Imran menyebut kekalahan tersebut murni karena timnya gagal memanfaatkan peluang, sementara lawan tampil lebih efektif dalam penyelesaian akhir.
"Saya tidak mau cari alasan. Namun, begitulah ketika tidak ada peluang, ya, maka tidak terjadi gol. Sementara lawan punya peluang dan mencetak gol," ujar Imran usai pertandingan.
Ia juga membantah anggapan bahwa hujan deras yang mengguyur pertandingan menjadi penyebab kegagalan timnya meraih hasil maksimal. Menurutnya, kondisi cuaca seharusnya tidak menjadi alasan bagi pemain profesional.
"Kalau memang pemain profesional, tidak ada alasan (hujan)," tegasnya.
Imran menilai timnya gagal memaksimalkan status sebagai tuan rumah. Padahal, strategi telah dipersiapkan secara matang dalam sepekan terakhir. Namun, implementasi di lapangan tidak berjalan sesuai rencana.
Hal senada disampaikan pemain Semen Padang, Ricki Ariansyah.

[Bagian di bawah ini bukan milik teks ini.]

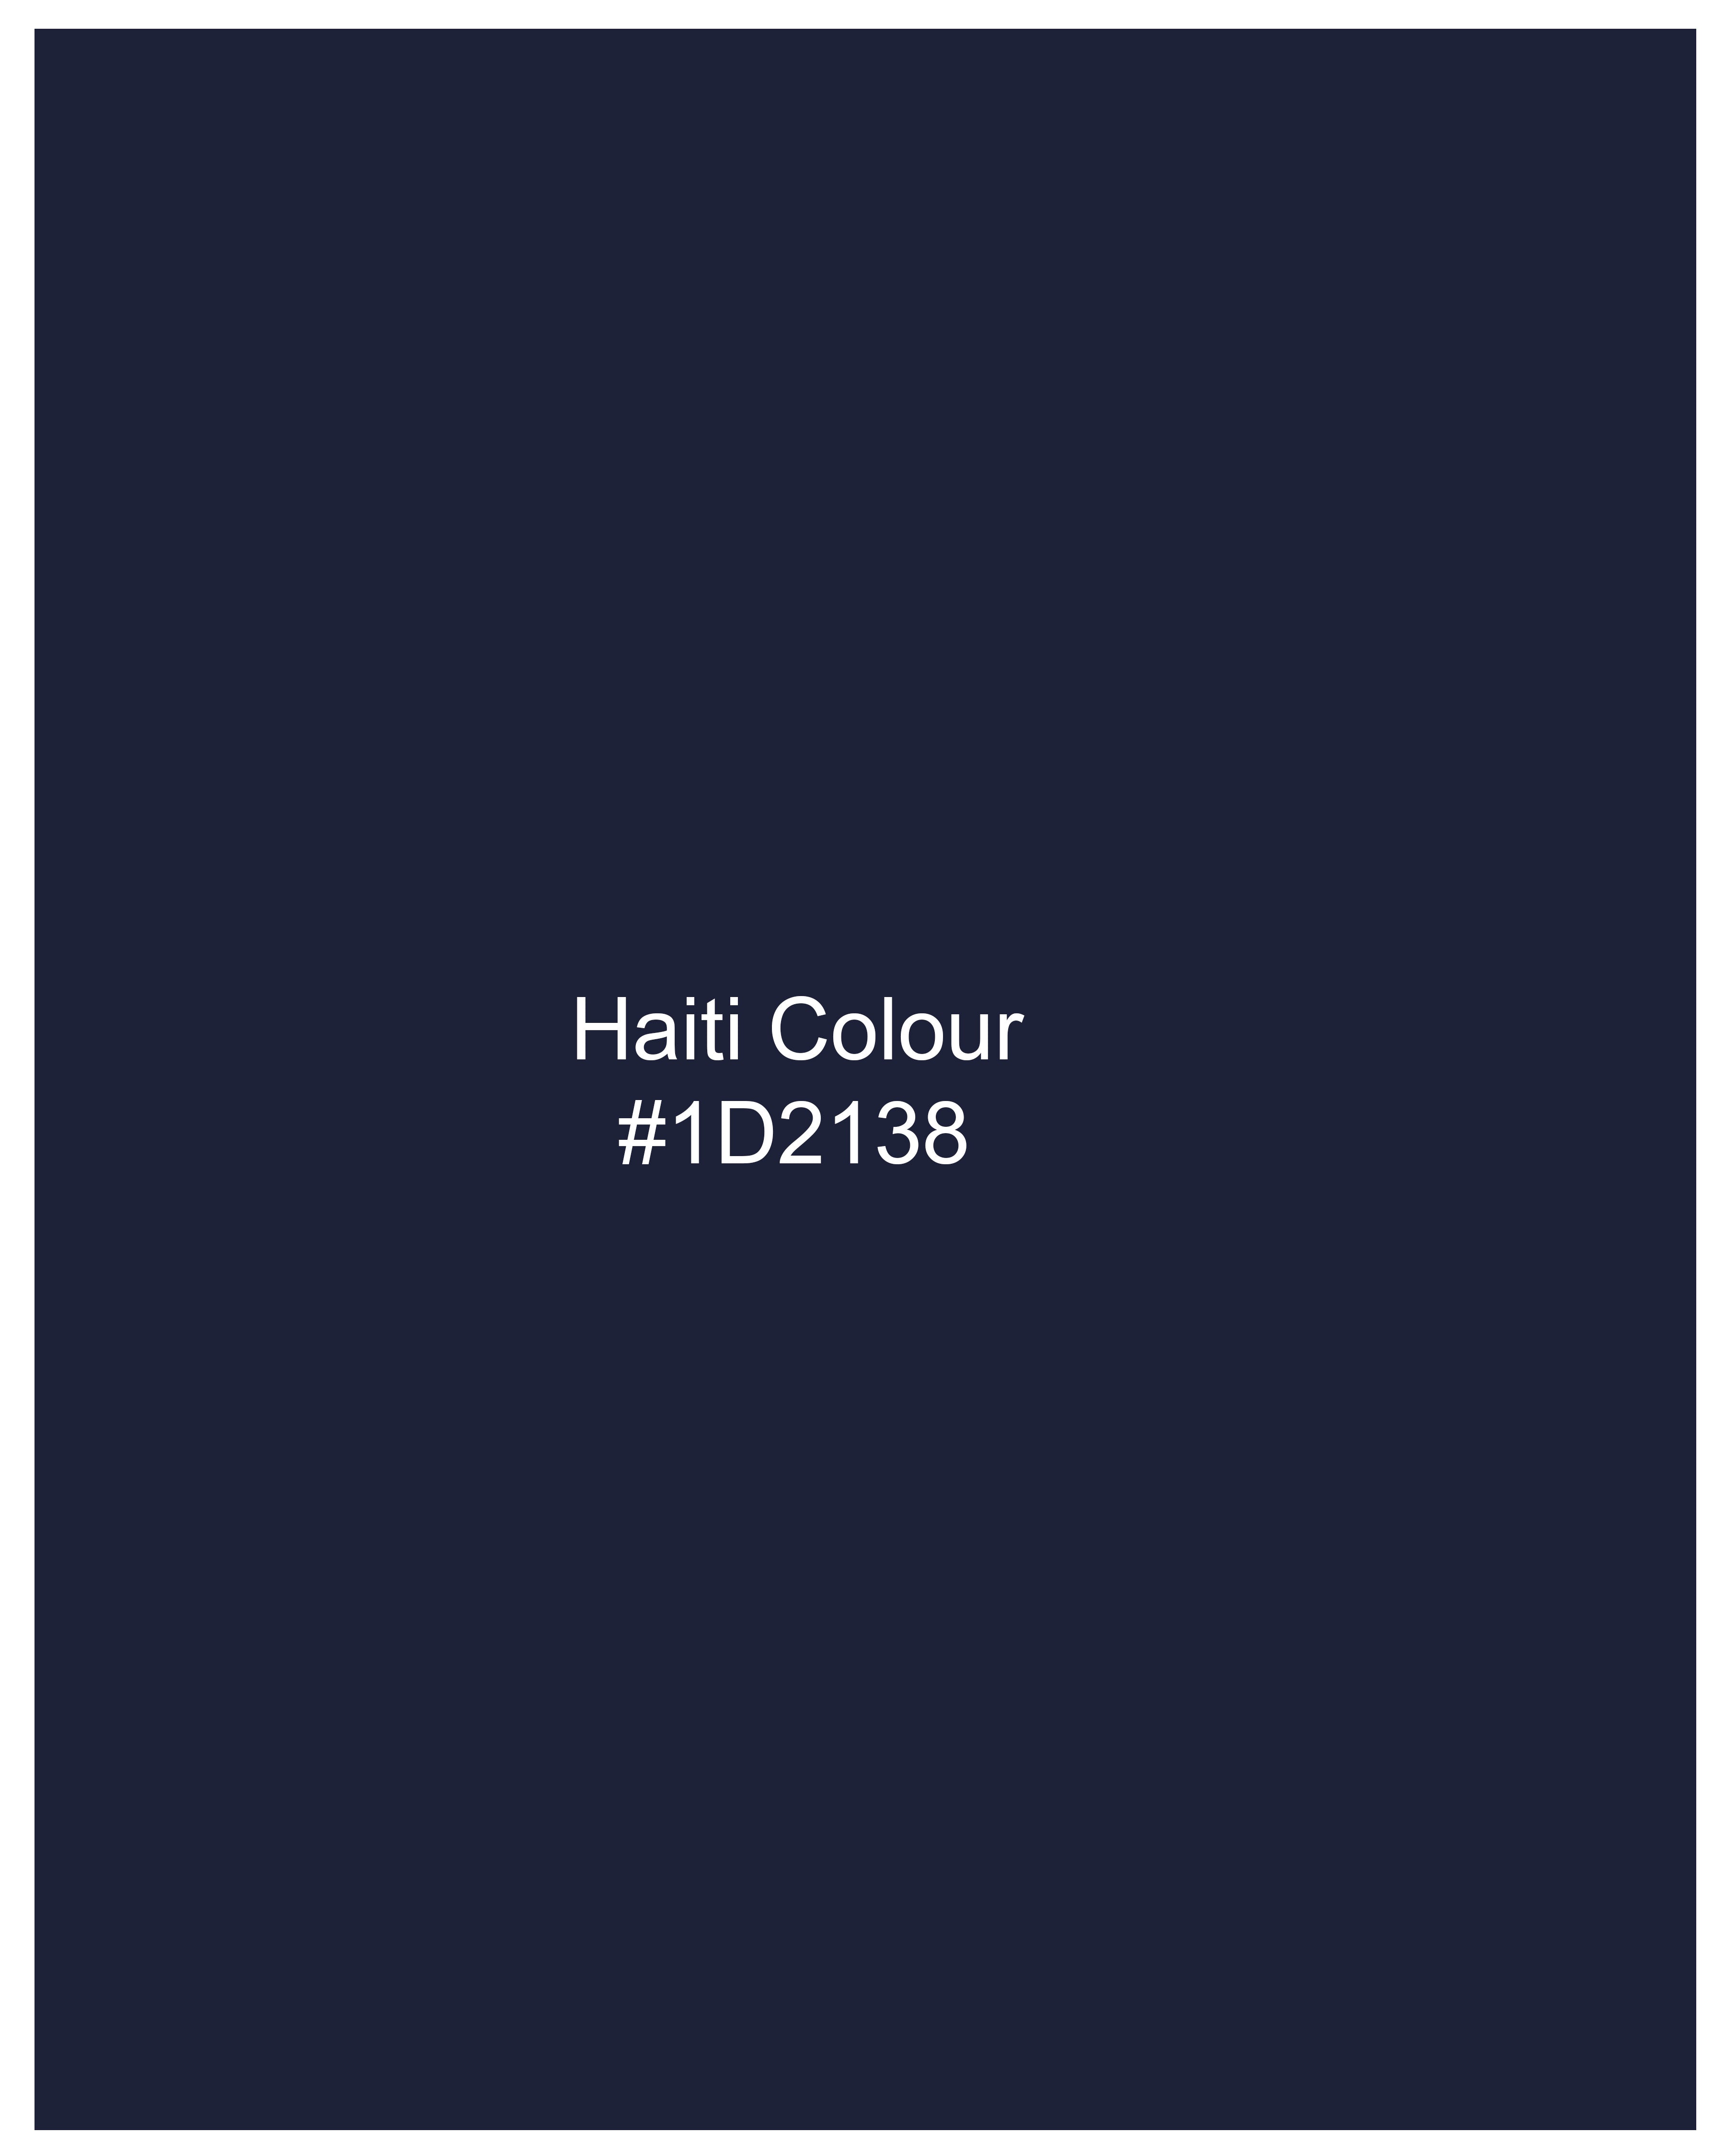 Haiti Navy Blue Dobby Textured Premium Giza Cotton Shirt 9396-M-38, 9396-M-H-38, 9396-M-39, 9396-M-H-39, 9396-M-40, 9396-M-H-40, 9396-M-42, 9396-M-H-42, 9396-M-44, 9396-M-H-44, 9396-M-46, 9396-M-H-46, 9396-M-48, 9396-M-H-48, 9396-M-50, 9396-M-H-50, 9396-M-52, 9396-M-H-52

Ia menegaskan kekalahan tersebut bukan disebabkan faktor eksternal, melainkan murni kesalahan tim.
"Ini murni kesalahan kami. Kami harus berbenah untuk pertandingan selanjutnya," kata Ricki.
Meski saat ini Semen Padang masih terpuruk di zona degradasi, Ricki menegaskan timnya belum menyerah. Ia menyebut masih ada enam laga krusial yang harus dimaksimalkan untuk memperbaiki posisi di klasemen.
Ricki juga menyampaikan permohonan maaf kepada para suporter karena gagal mempersembahkan kemenangan di kandang. Ia pun mengajak masyarakat Ranah Minang untuk tetap memberikan dukungan hingga akhir musim.
Akibat kekalahan ini, Semen Padang tertahan di peringkat ke-17 klasemen sementara dengan koleksi 20 poin dari 28 pertandingan. Sementara itu, Persijap berada di posisi ke-13 dengan 28 poin dari jumlah laga yang sama.